The fox squirrel subsists on a diet of acorns, supplemented with green shoots, flowers, insects, and even the occasional frog. Acorns and nuts are buried as food for the winter, and any that are left grow up to renew the forest.
But perhaps the most remarkable story of all is that of white-tailed deer. Now a familiar sight almost everywhere on the prairies, these alert, graceful creatures were originally native to the hardwood forests of eastern Canada and the U.S., where they made themselves at home in grassy meadows and open woods. As recently as the mid-1800s, this was the white-tails’ world and they seldom, if ever, ventured westward onto the Great Plains. Although a small population seems to have colonized the riparian forest of the Missouri River— prime habitat, one might think—they were rare even there and were seldom noticed by early exploration parties. Instead, the journals of prairie exploration are filled with references to the abundant herds of elk that, in those halcyon days, flourished in the riparian forests and hill country. (Although the prairie subspecies of elk was decimated in the 1880s, due to hunting and habitat loss, Rocky Mountain elk have since been introduced to the Black and Cypress hills and several other refuges. The native subspecies persists in parts of southern and central Manitoba and Saskatchewan.)

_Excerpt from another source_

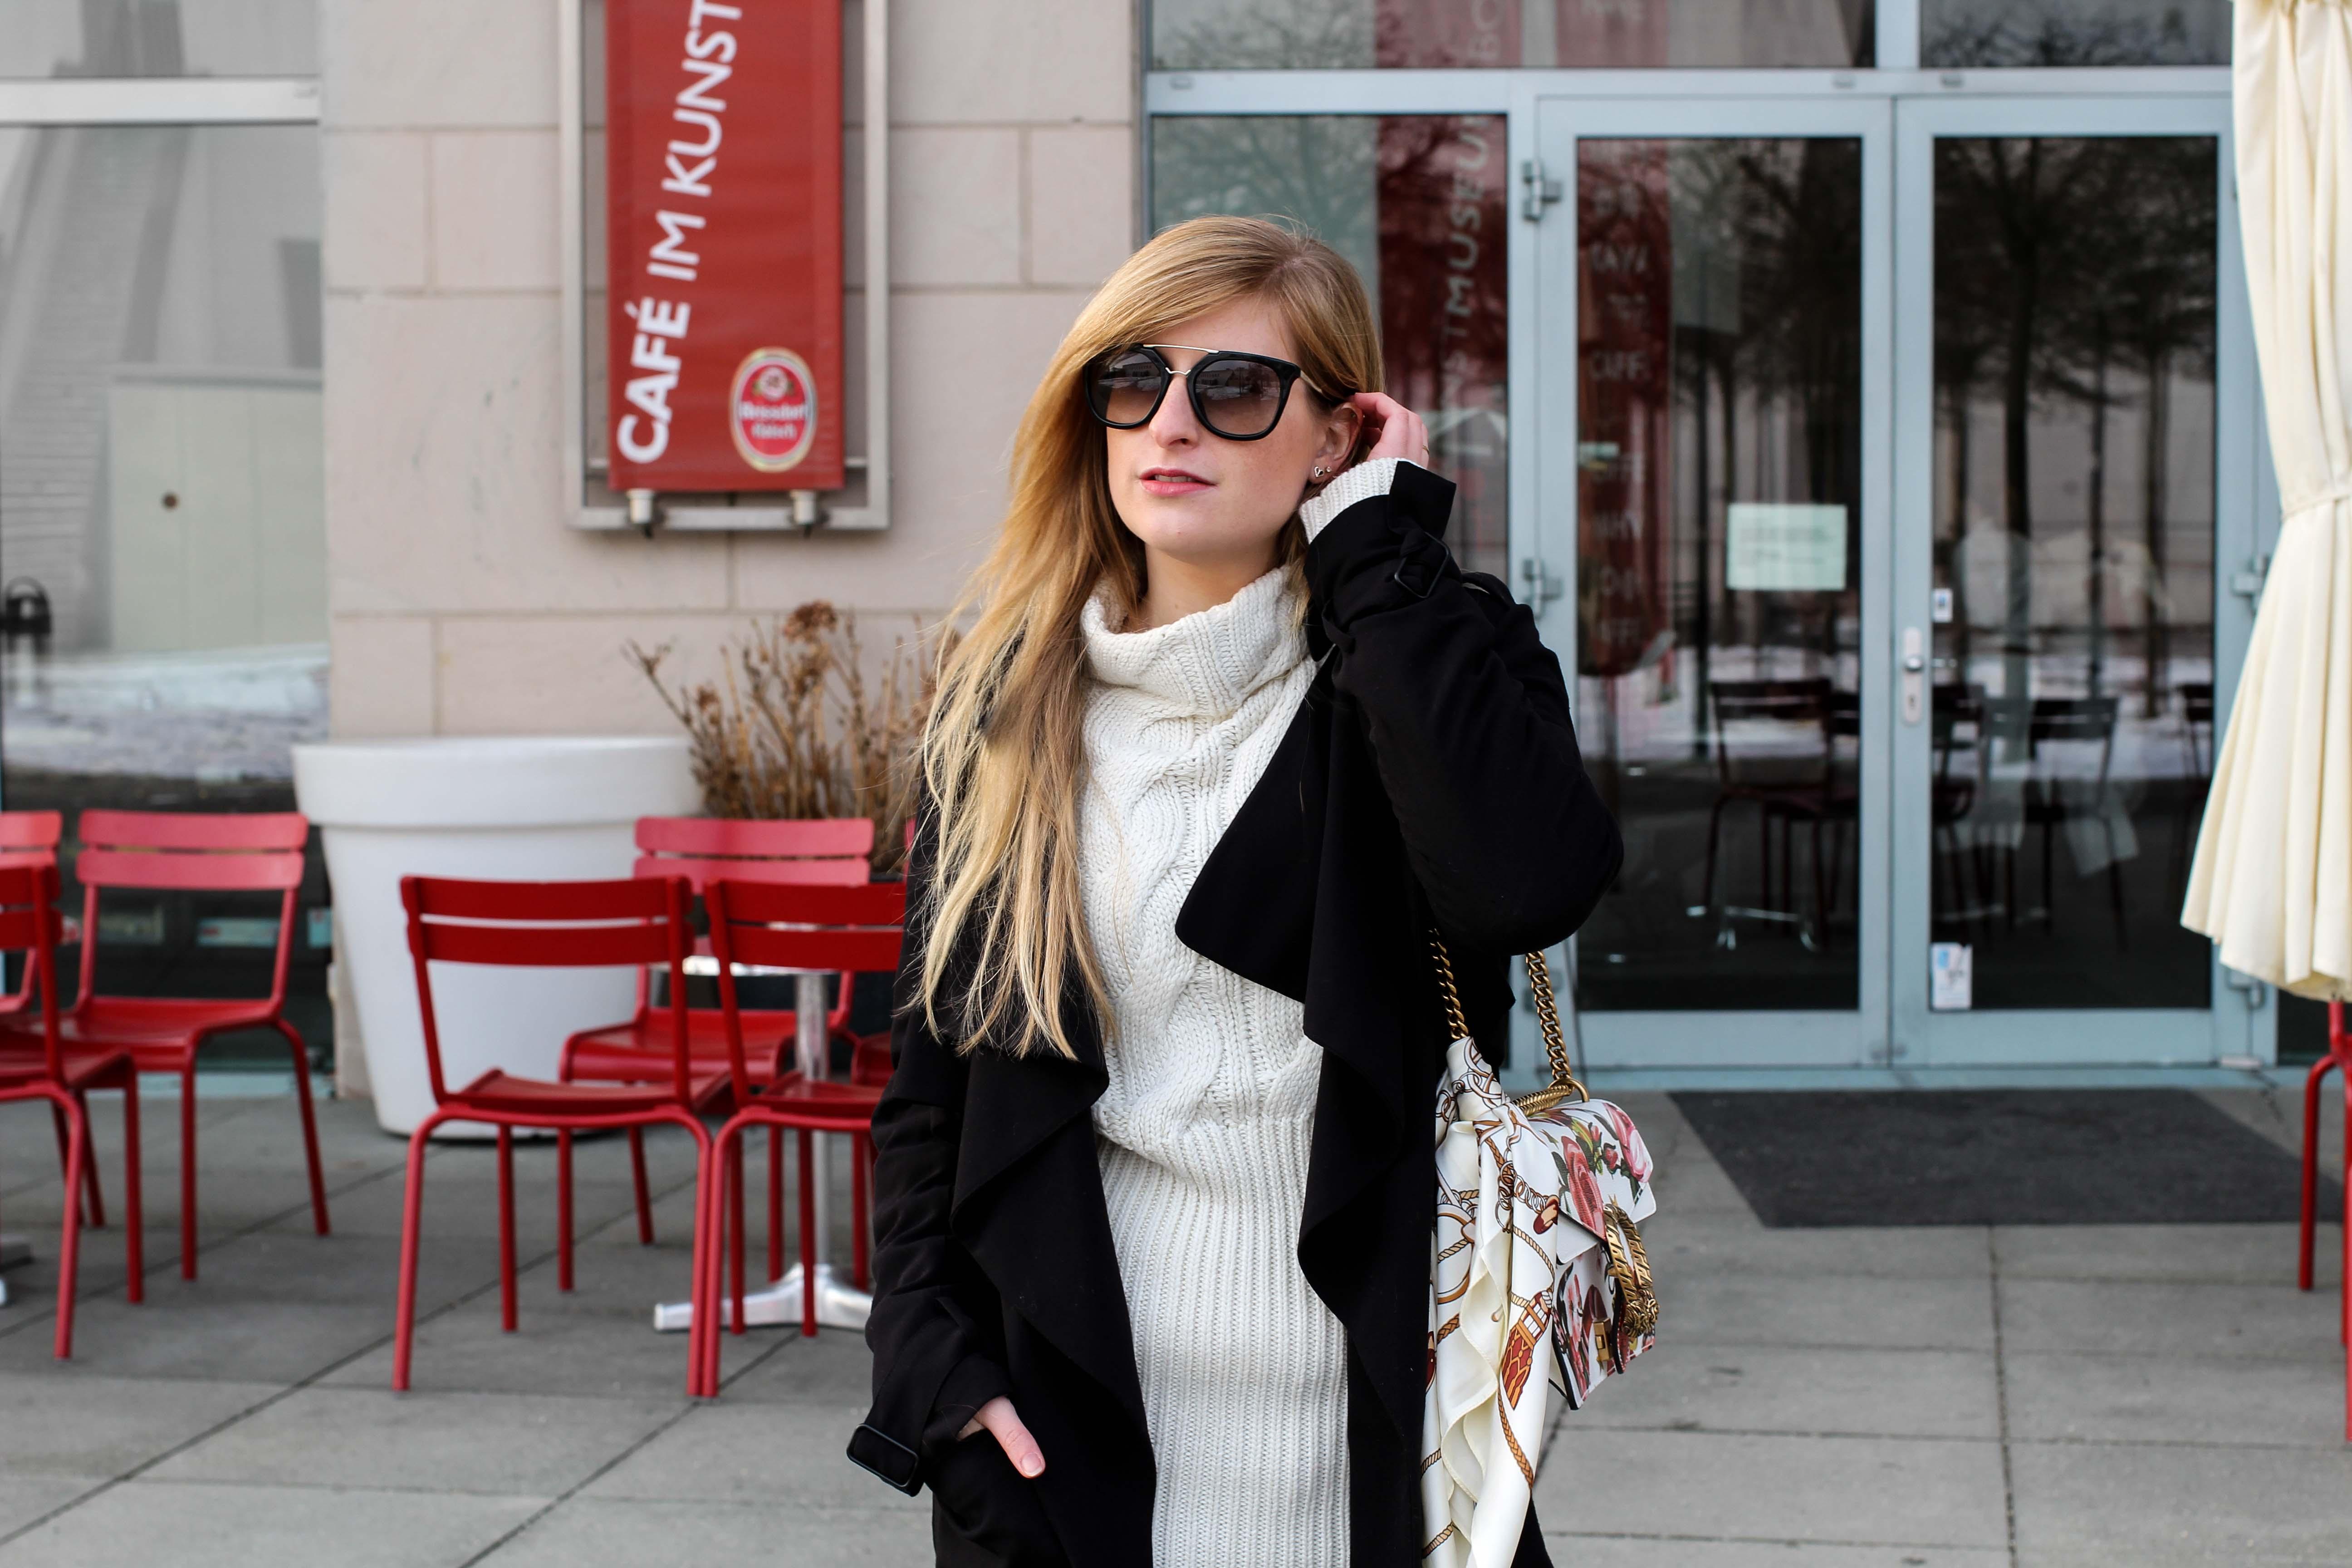 Gucci Dionysus Garden Print kombinieren Tuch Frühlingslook Wollpullover Weiß kältere Tage Sonnenbrille Prada Modeblogger Bonn OOTD 2

The mule deer, above, can be recognized by the black markings on its tail and by its big, muley ears.
It was only when
the explorers struck out across the grasslands that they really started to notice deer: a small herd of does at the mouth of a brush-filled gully, a lone buck silhouetted along the crest of a rocky ridge. But even here, these sightings were not of white-tails. These animals were mule deer, a typically western species that ranged—and still ranges—from the woody draws and breaks of the prairies through the Rockies and all the way to the Pacific. Most at home in rough, open country marked with tangles of scrubby brush, the mule deer is characterized by its large, alert ears and hair-trigger nerves. It is perpetually poised to bound, or “stott,” with its peculiar, stiff-legged gait, up and over obstacles and out of harm’s way.
The white-tailed deer, by contrast, is adapted to a gentler landscape of meadows and leafy groves, where a frightened deer can melt into the shadows. At the first hint of danger, the flaglike tail shoots up, sending a conspicuous, waggling warning to friends and relatives. And away they all run, into the nearest woody cover. (Female white-tail and mule deer both typically live in same-sex groups, often with their mother, sisters, and aunts. Bucks tend to be solitary, except during the rut, and seldom associate with close relatives.) Although of little benefit on open grasslands, this defensive strategy has proven remarkably well suited to the mosaic of croplands, hay fields, and scattered groves that has sprung up on the prairies since settlement. Despite a turn-of-the-century crisis, in which both mule and white-tailed deer were almost exterminated by overhunting, white-tails have come back in abundance and extended their range across the Great Plains and beyond. They are now by far the most numerous wild ungulate in North America, with a continental population that likely stands at four or five times what it was when the Mayflower landed.